Gary Kasparov is used to being in the spotlight, but less used to discussing Torah in a public forum. But that’s exactly what the former world chess champion did on a recent evening at a Moscow Jewish community center.
The talk on the weekly portion by Kasparov, 43, was part of a weekly seminar called Dvar Torah. Each Thursday night, the seminar brings together a group of businessmen, journalists, academics and professionals for that reason.
The seminar — now in its second year — is the brainchild of Yevgenia Albats, one of the best-known names in Russian political journalism of the last two decades and a professor of political science.
Kasparov, whose father is Jewish, said when Albats first approached him with the idea of speaking on what looked like a purely religious subject, he was inclined to say no.
“At first, I was shocked,” he said. Until he found out what the portion was about.
Last year, Kasparov retired from a professional career in chess to devote his time to politics and pro-democracy activism.

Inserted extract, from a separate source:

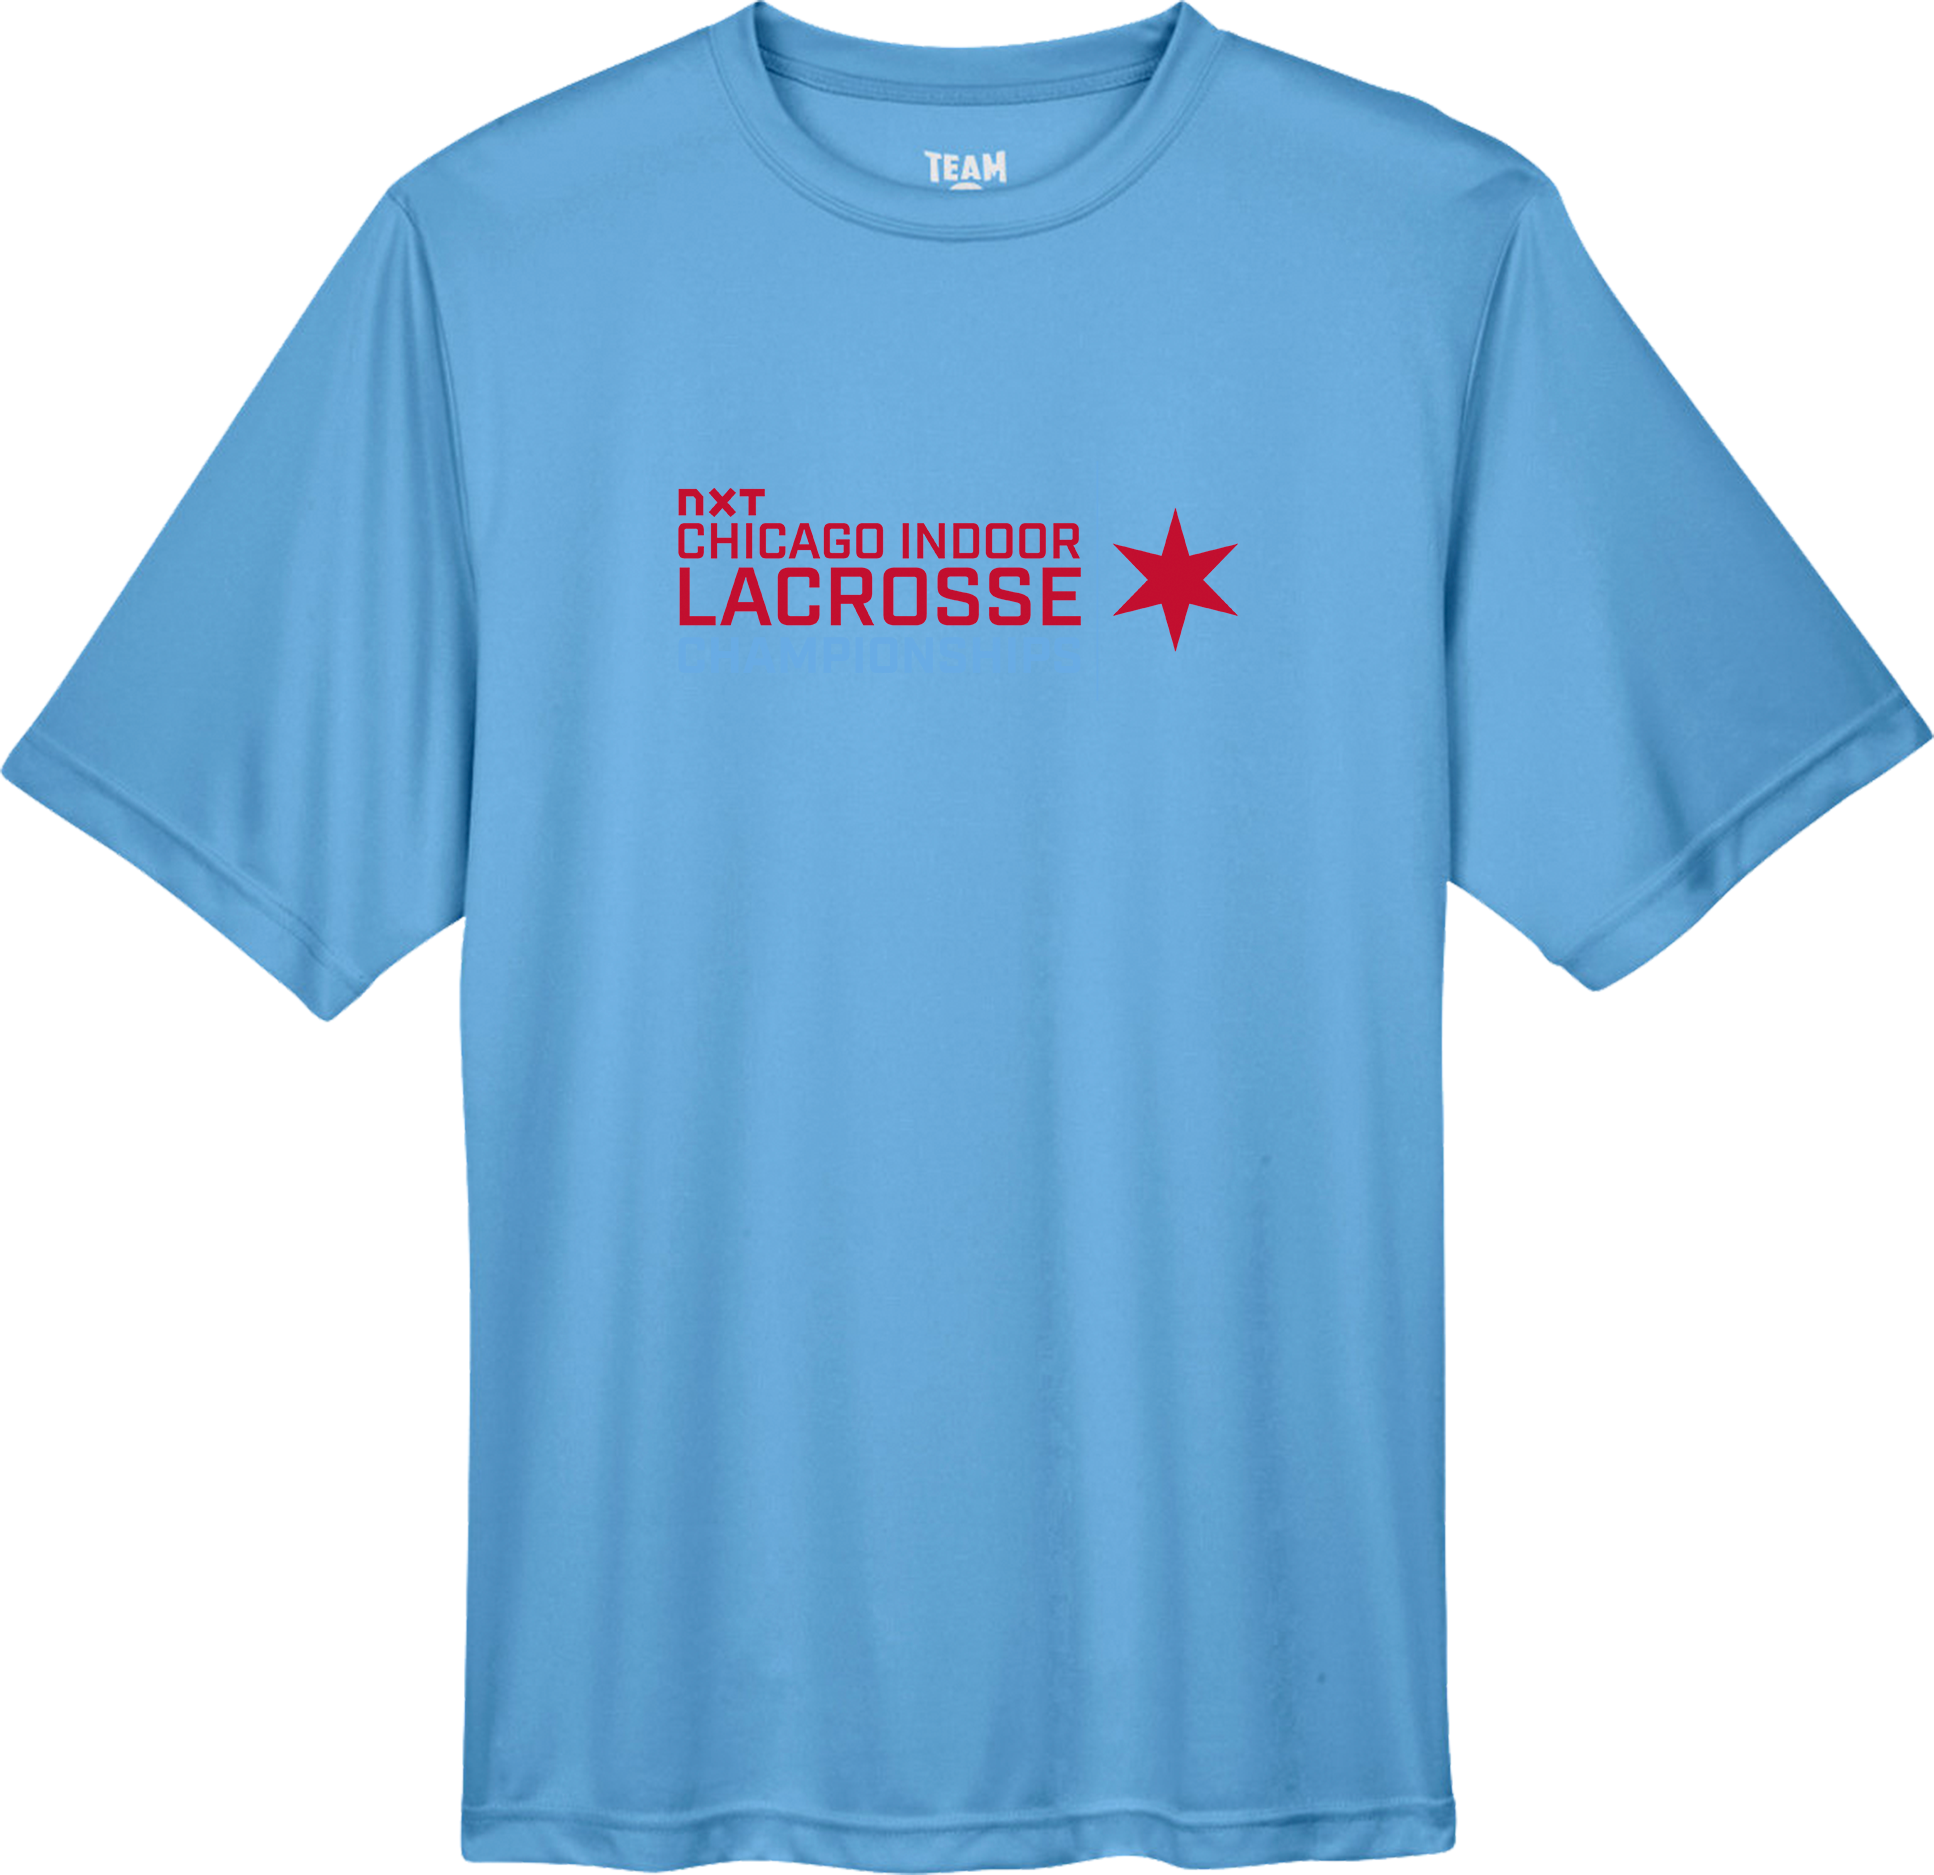 PERFORMANCE SHIRTS - 2023 Chicago Indoor Lacrosse Championships

So it was no wonder that he turned his talk about a portion from the Book of Numbers into a debate about freedom and slavery, mass thinking and society’s ability to take responsibility for its own future — subjects that are relevant in today’s Russia.
The weekly seminar started in September 2004 with 15 people and has grown since then.
The list of speakers reads as a who’s who among the Russian business, journalistic and intellectual elites: from leading business tycoons and prominent lawyers to television anchors and a former Russian foreign minister. Some spoke out of curiosity, others were captured by Albats’ enthusiasm and, in the words of many of them, could not afford to say no to her.
One of the participants on a recent Thursday said he has missed only a handful of sessions in nearly two years.
“To me, this is the most meaningful event in the life of the Jewish community of Moscow,” said Mikhail Berger, a leading financial journalist.
To him and many other regulars, the seminar is particularly valuable because it is a rare grass-roots Jewish initiative in Russia.
“Most of other events are more of a formality, being part of someone else’s agenda,” Berger said. “What’s happening here touches me personally. It brings me back to reading the text.”
Albats has 170 people on her mailing list, and her weekly e-mail announcements on upcoming session include Web links to different Torah commentaries — from the most traditional to contemporary ones. Those who come to the seminar “can be whatever they want, from Jewish Orthodox to atheists,” she said.
“But before you make your judgment, you first need to read the book,” she said.
In fact, speakers and participants don’t necessarily have to be Jewish, although she thinks that “98 percent of those who come are Jews.”
Of course, celebrity speakers like Kasparov get the highest number of attendees — as many as 70.
But Albats says she never strived for numbers. In fact, she shuns excessive publicity, does not allow photographs to be taken at the meetings and has refused several television requests.
She is running this activity on a zero budget, and the only organization that has some input is the American Jewish Joint Distribution Committee, which provides space for the seminar in its Nikitskaya JCC in Moscow.
Albats says for many of her speakers — especially the well-known figures — it is often not an easy step to accept her invitation, given that most Russian Jews are not even remotely familiar with the Torah.
She is not sure whether her project can be replicated. But her own initiative is modeled after what she saw at Harvard University a few years ago when she was completing her post-graduate studies there.
Some 30 years ago, Rabbi Ben Zion Gold of Harvard established a worship and study group at Harvard’s Hillel, and Albats said attending these sessions was one of the best experiences she had at Harvard.
Each session opens and closes with a traditional Jewish blessing in Hebrew on reading the Torah.
When it fits the portion, Albats organizes a mini-lecture on subjects like Jewish dietary laws, liturgy or cantorial tradition and invites knowledgeable speakers.
And at almost every session, there is a rabbi or even two in attendance: Moscow’s chief rabbi, Pinchas Goldschmidt, who is Orthodox, and Russia’s first and only woman rabbi, Nelly Shulman, from the Reform movement, attend nearly every week. They always have the privilege of making the final comments on the portion.
Albats, who authored many articles and a book on issues of anti-Semitism and tolerance in Russia, sees the seminar as a vehicle to help people define their Jewishness in positive terms.
“It’s the most important thing here: to stop think of yourself as a zhid, persecuted and resentful, and start feeling like the People of the Book.”